**Exercise aim**
Shown below are entries with pictures; the line with "WTNH-TV anchor, reporter Ann Nyberg" through the line with "b1fc51dfb22 TiaoBug Mens" is the span to retype exactly, and the pictures stay out.

**Records shown**
⁂

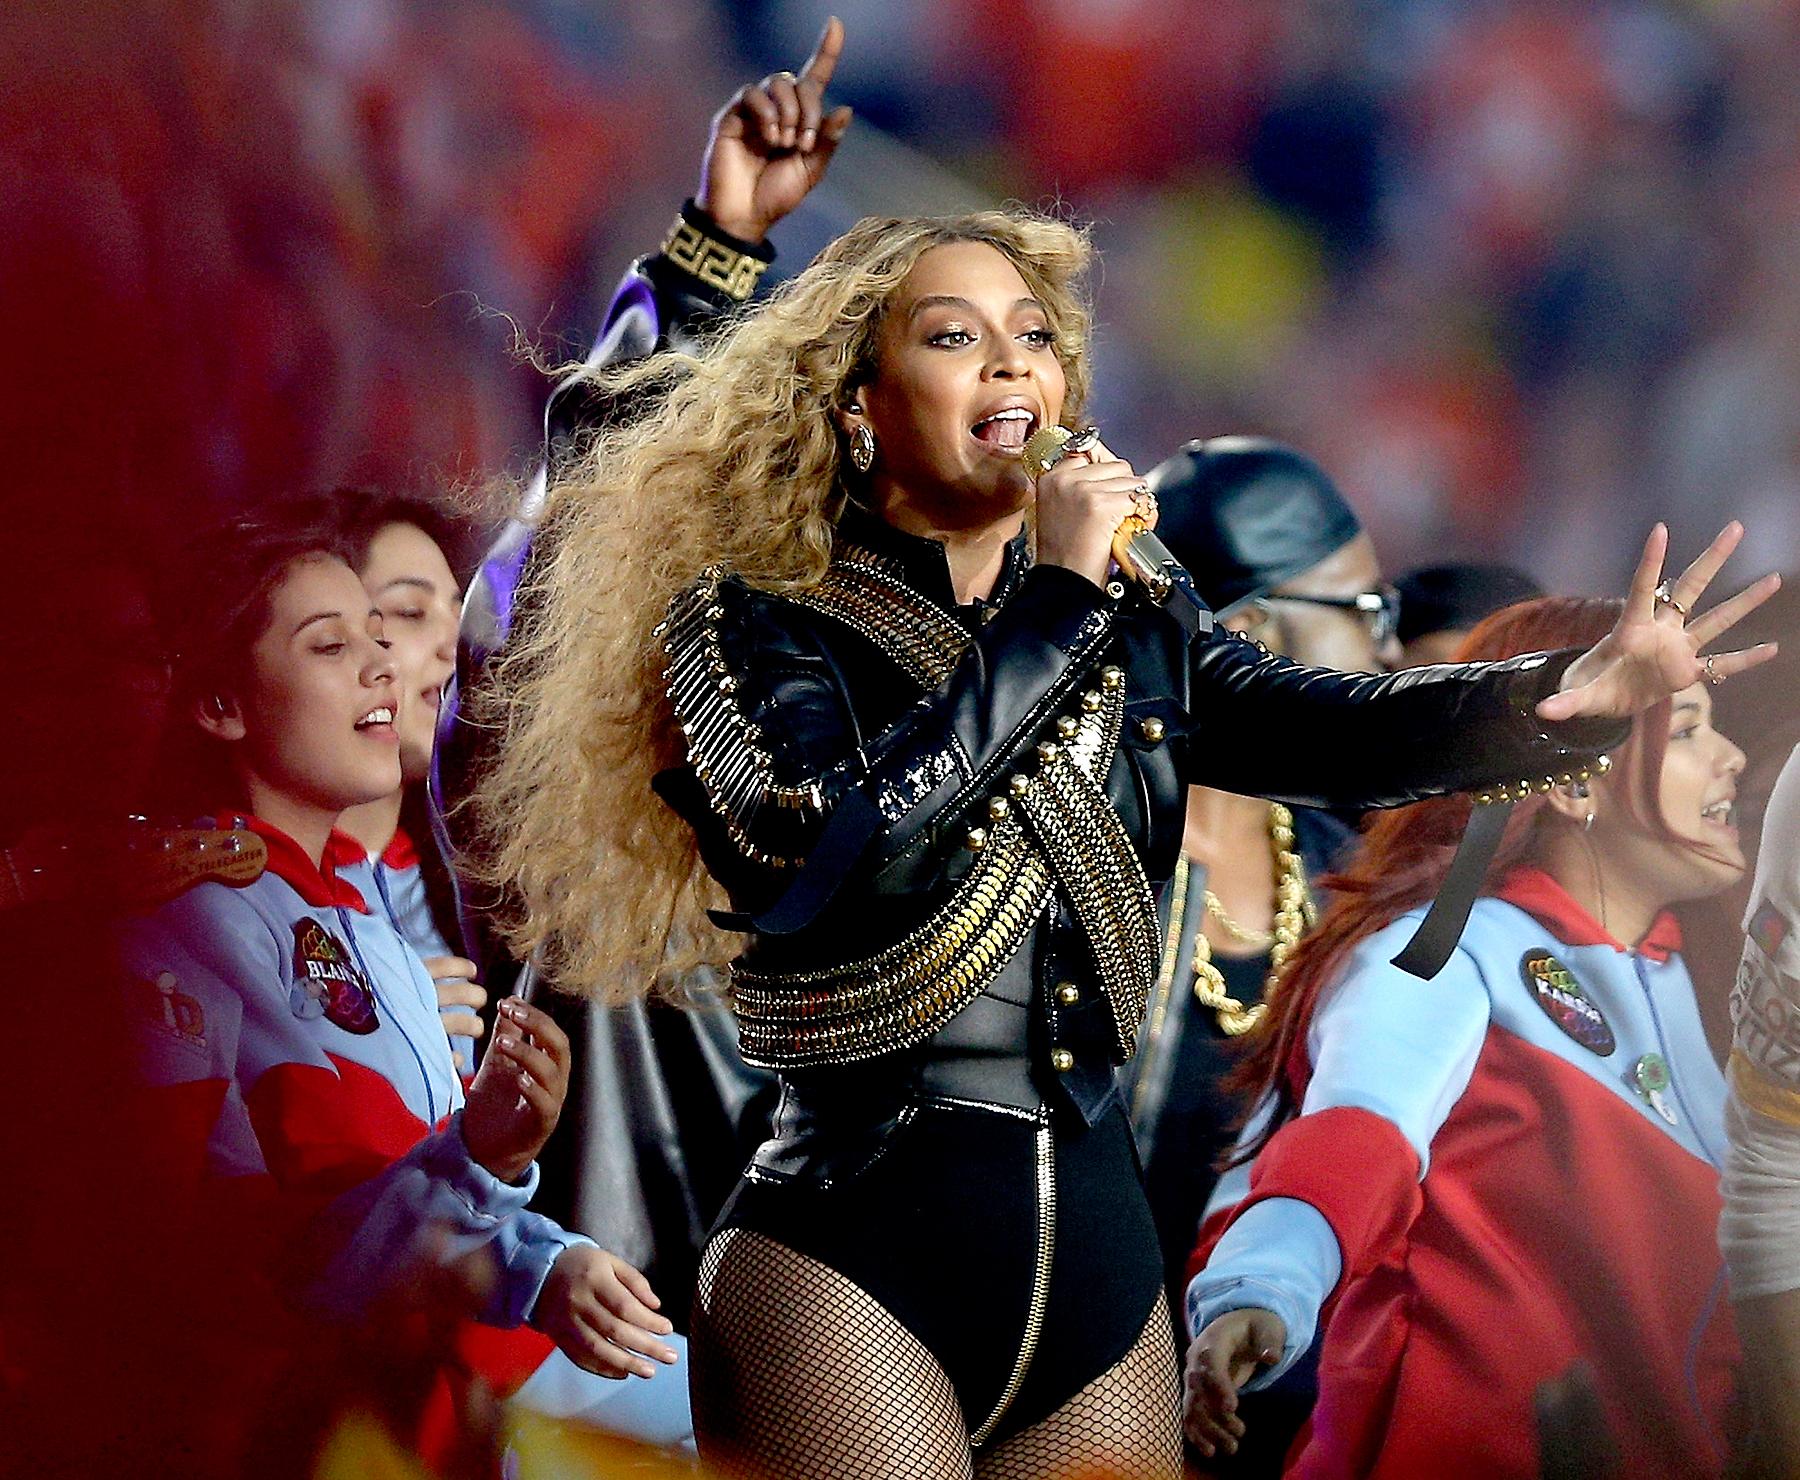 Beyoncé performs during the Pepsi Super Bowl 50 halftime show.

⁂

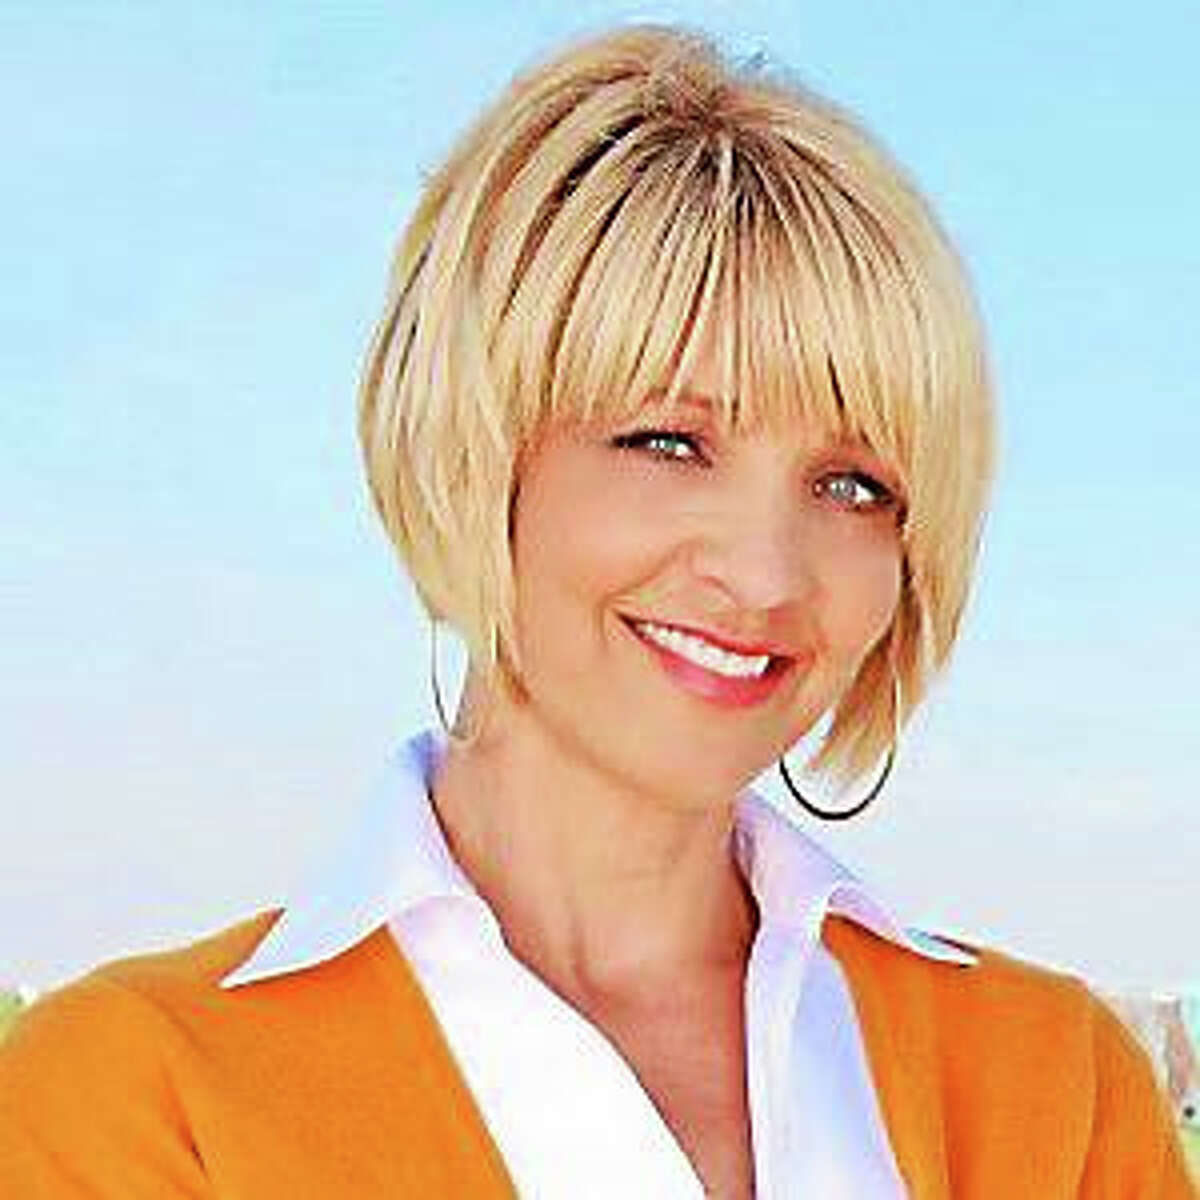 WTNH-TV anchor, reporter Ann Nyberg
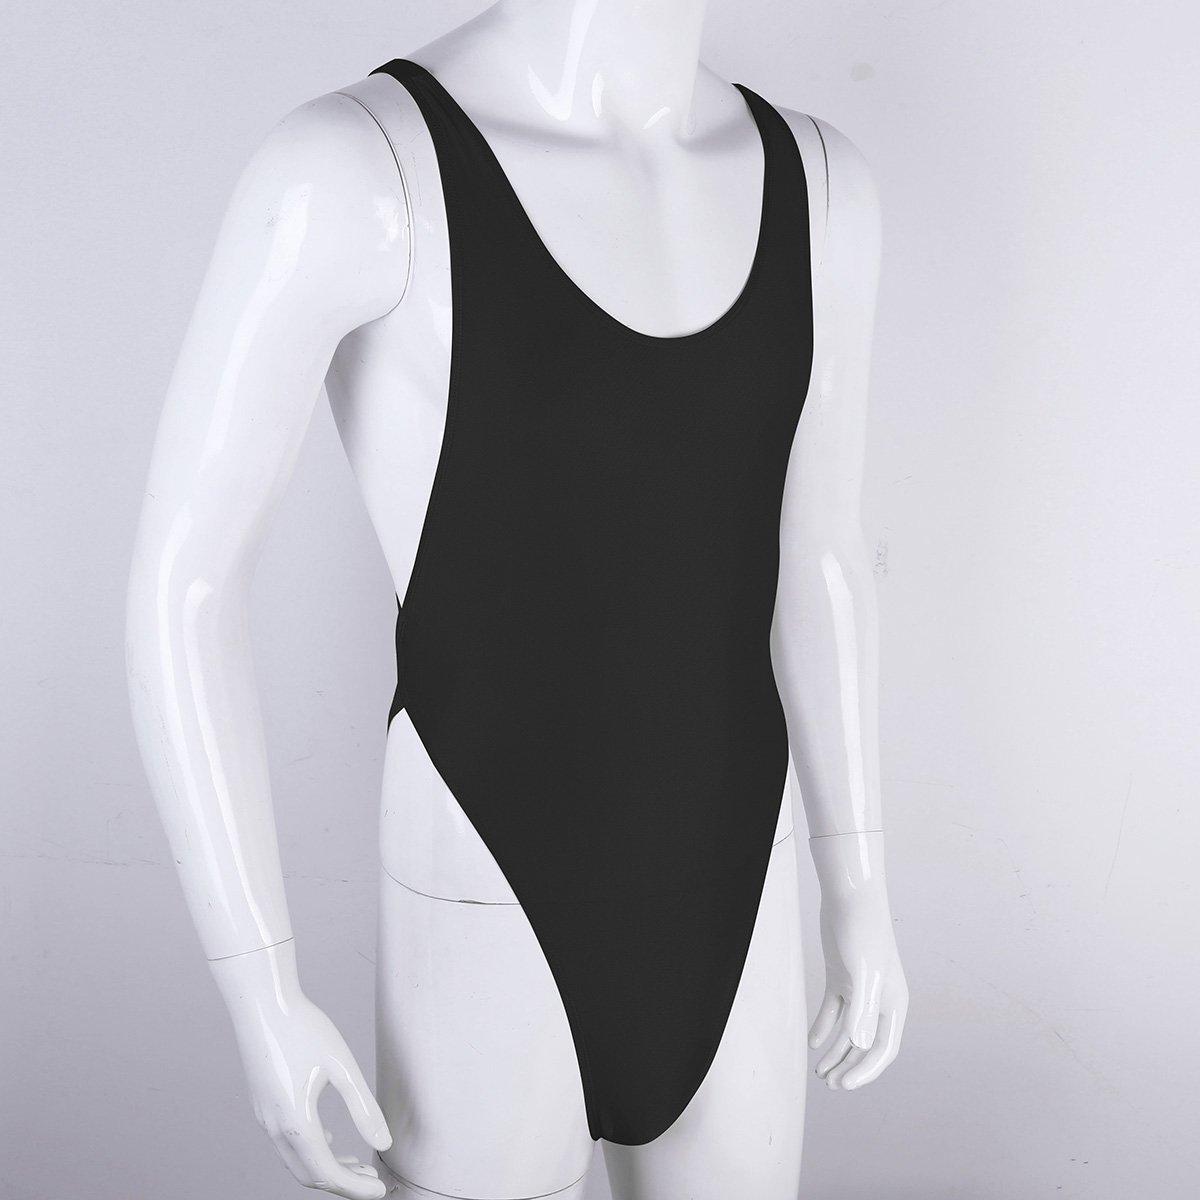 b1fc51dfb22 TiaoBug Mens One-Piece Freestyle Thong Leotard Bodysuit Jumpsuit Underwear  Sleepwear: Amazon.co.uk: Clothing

⁂

**Task answer**
 WTNH-TV anchor, reporter Ann Nyberg
 b1fc51dfb22 TiaoBug Mens One-Piece Freestyle Thong Leotard Bodysuit Jumpsuit Underwear  Sleepwear: Amazon.co.uk: Clothing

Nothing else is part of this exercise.